▶ _PROBLEM STATEMENT_:
Reproduce only the lines of the material below that start at the line containing "5' X 7' Grey" and stop at the line containing "Kam joins Michael". Keep both end lines.

▶ _GIVEN RECORDS_:
"""

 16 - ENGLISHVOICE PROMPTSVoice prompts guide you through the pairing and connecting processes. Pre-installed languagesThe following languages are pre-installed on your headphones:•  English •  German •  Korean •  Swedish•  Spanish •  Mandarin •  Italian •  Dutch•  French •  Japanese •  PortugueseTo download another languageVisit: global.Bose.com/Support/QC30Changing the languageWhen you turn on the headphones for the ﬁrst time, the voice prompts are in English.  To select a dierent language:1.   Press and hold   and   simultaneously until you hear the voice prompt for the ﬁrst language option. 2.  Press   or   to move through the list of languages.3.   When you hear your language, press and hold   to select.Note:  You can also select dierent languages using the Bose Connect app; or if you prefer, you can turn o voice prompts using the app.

"""
"""

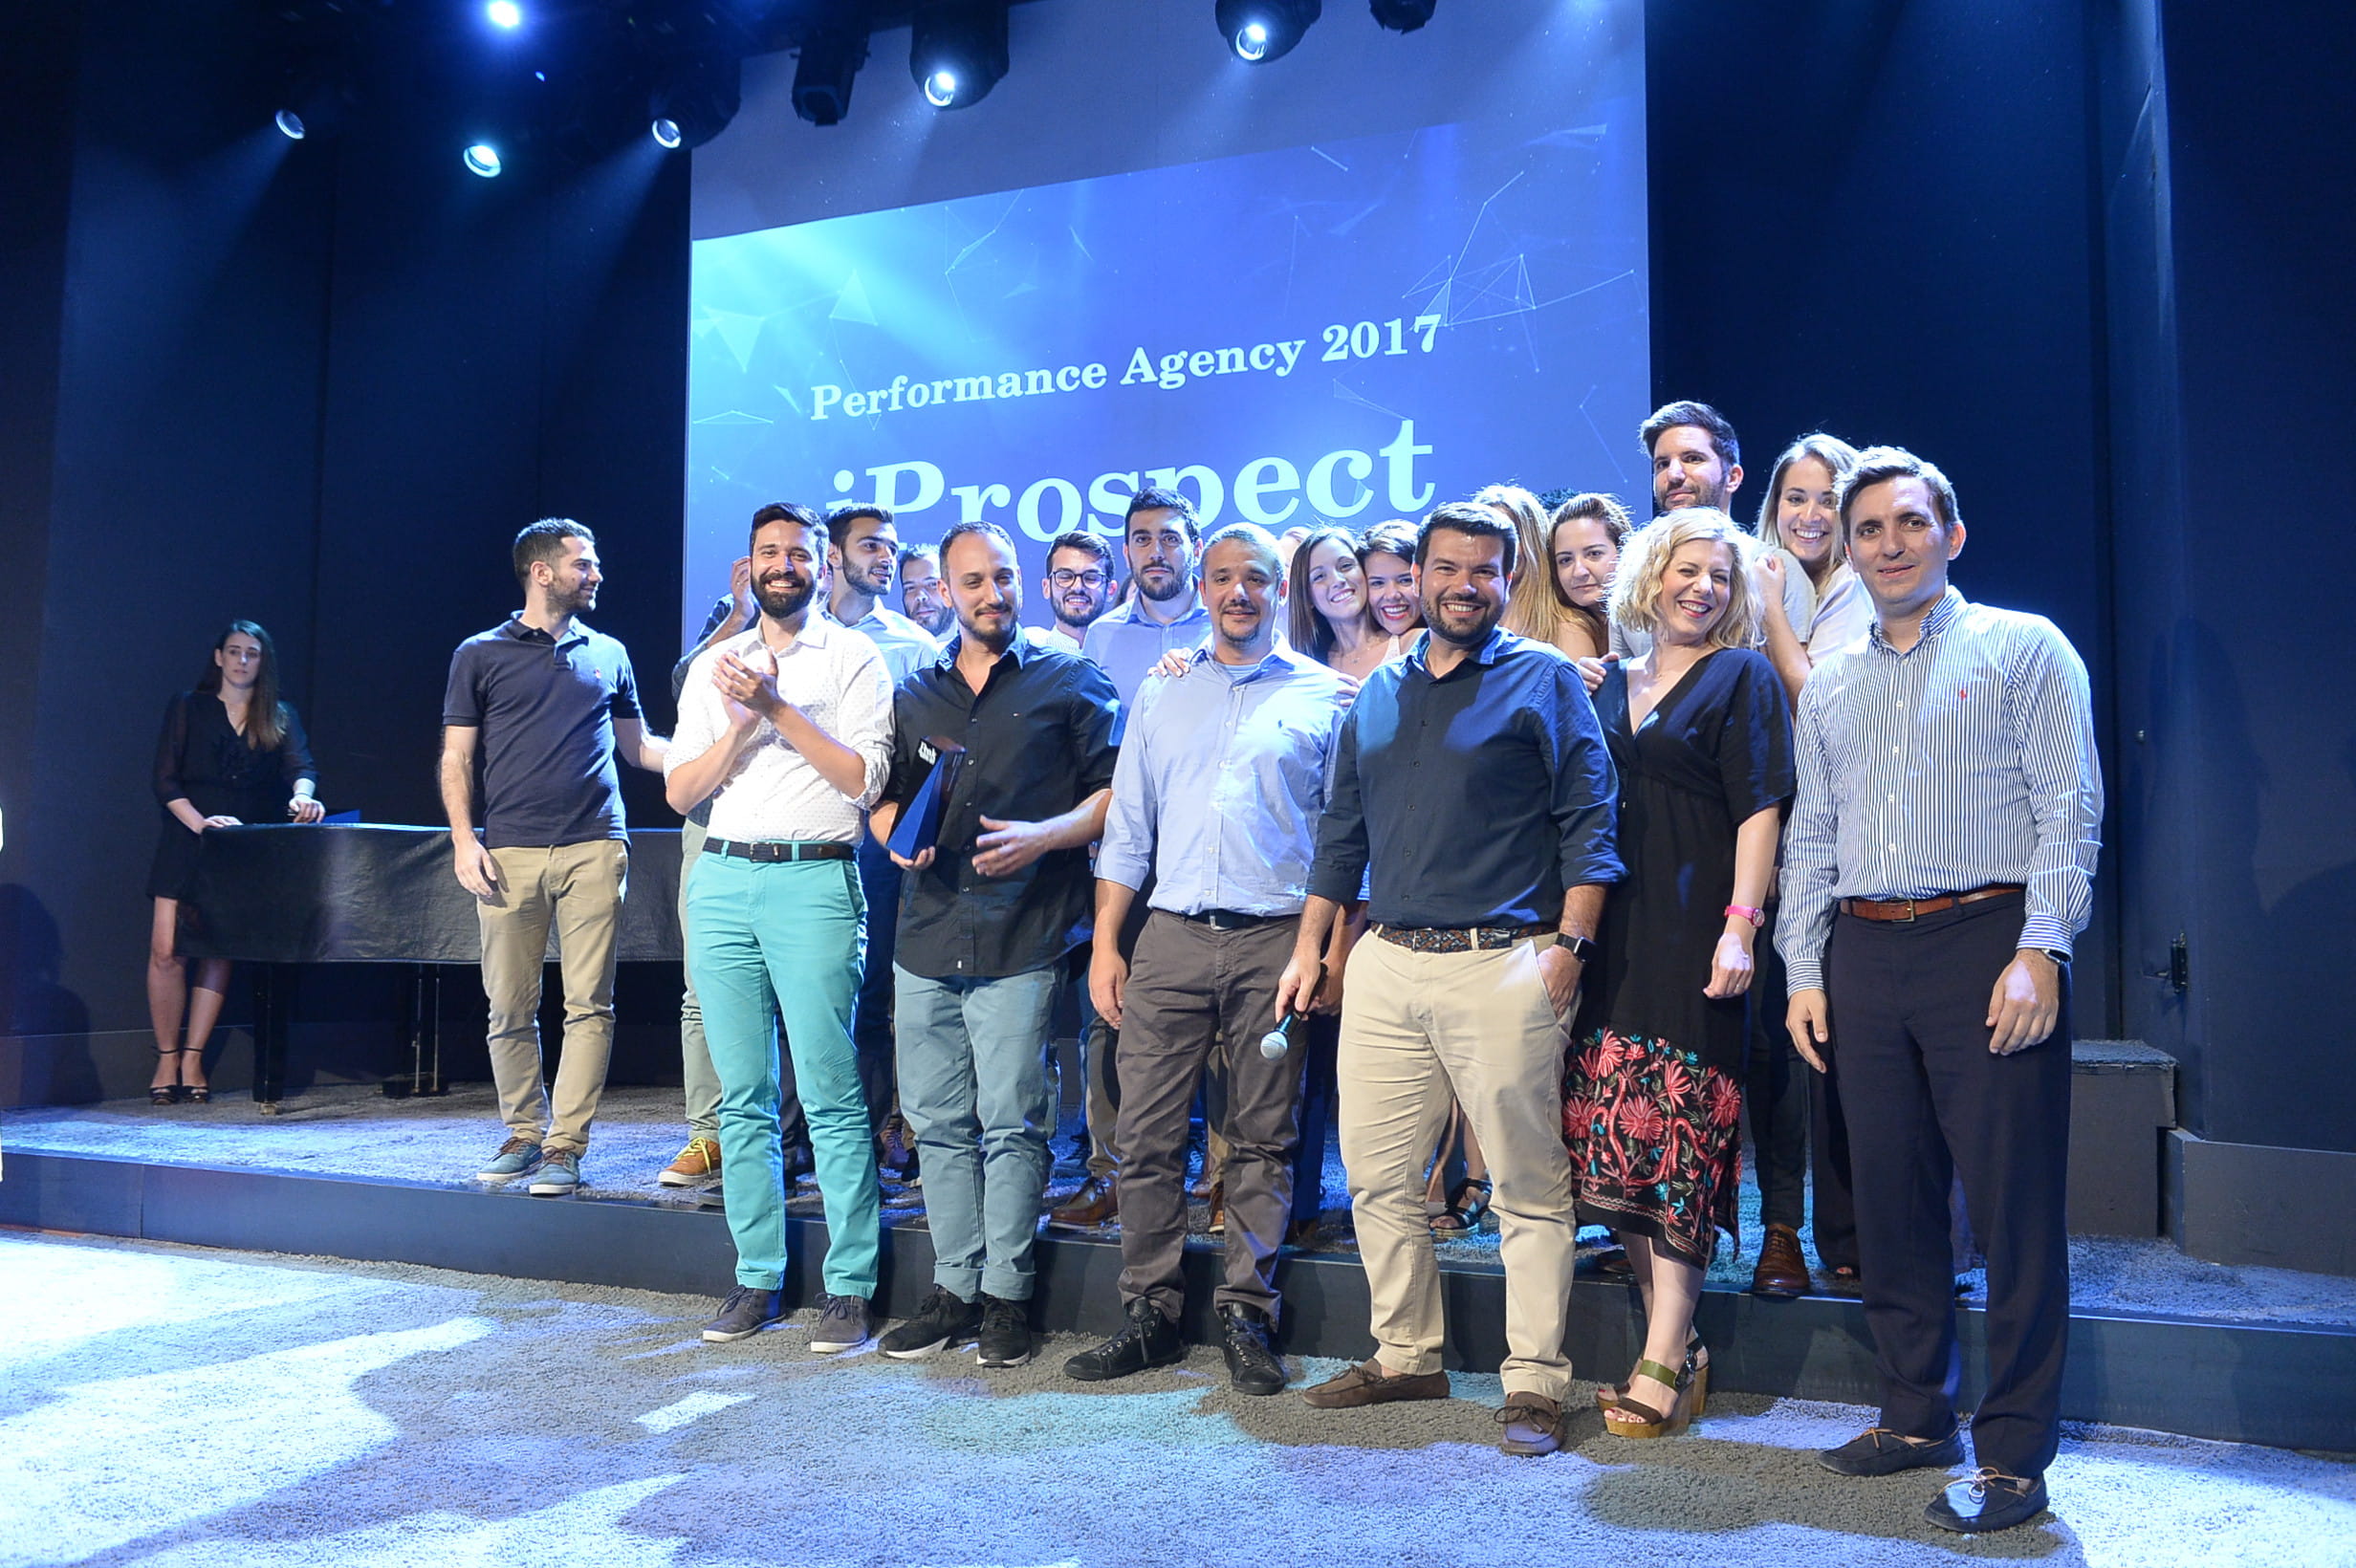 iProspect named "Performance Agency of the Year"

"""
"""

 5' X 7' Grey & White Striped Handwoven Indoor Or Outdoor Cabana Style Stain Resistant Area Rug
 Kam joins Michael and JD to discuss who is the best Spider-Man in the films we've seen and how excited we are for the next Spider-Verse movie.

"""

▶ _RESPONSE TO THE EXERCISE_:
 5' X 7' Grey & White Striped Handwoven Indoor Or Outdoor Cabana Style Stain Resistant Area Rug
 Kam joins Michael and JD to discuss who is the best Spider-Man in the films we've seen and how excited we are for the next Spider-Verse movie.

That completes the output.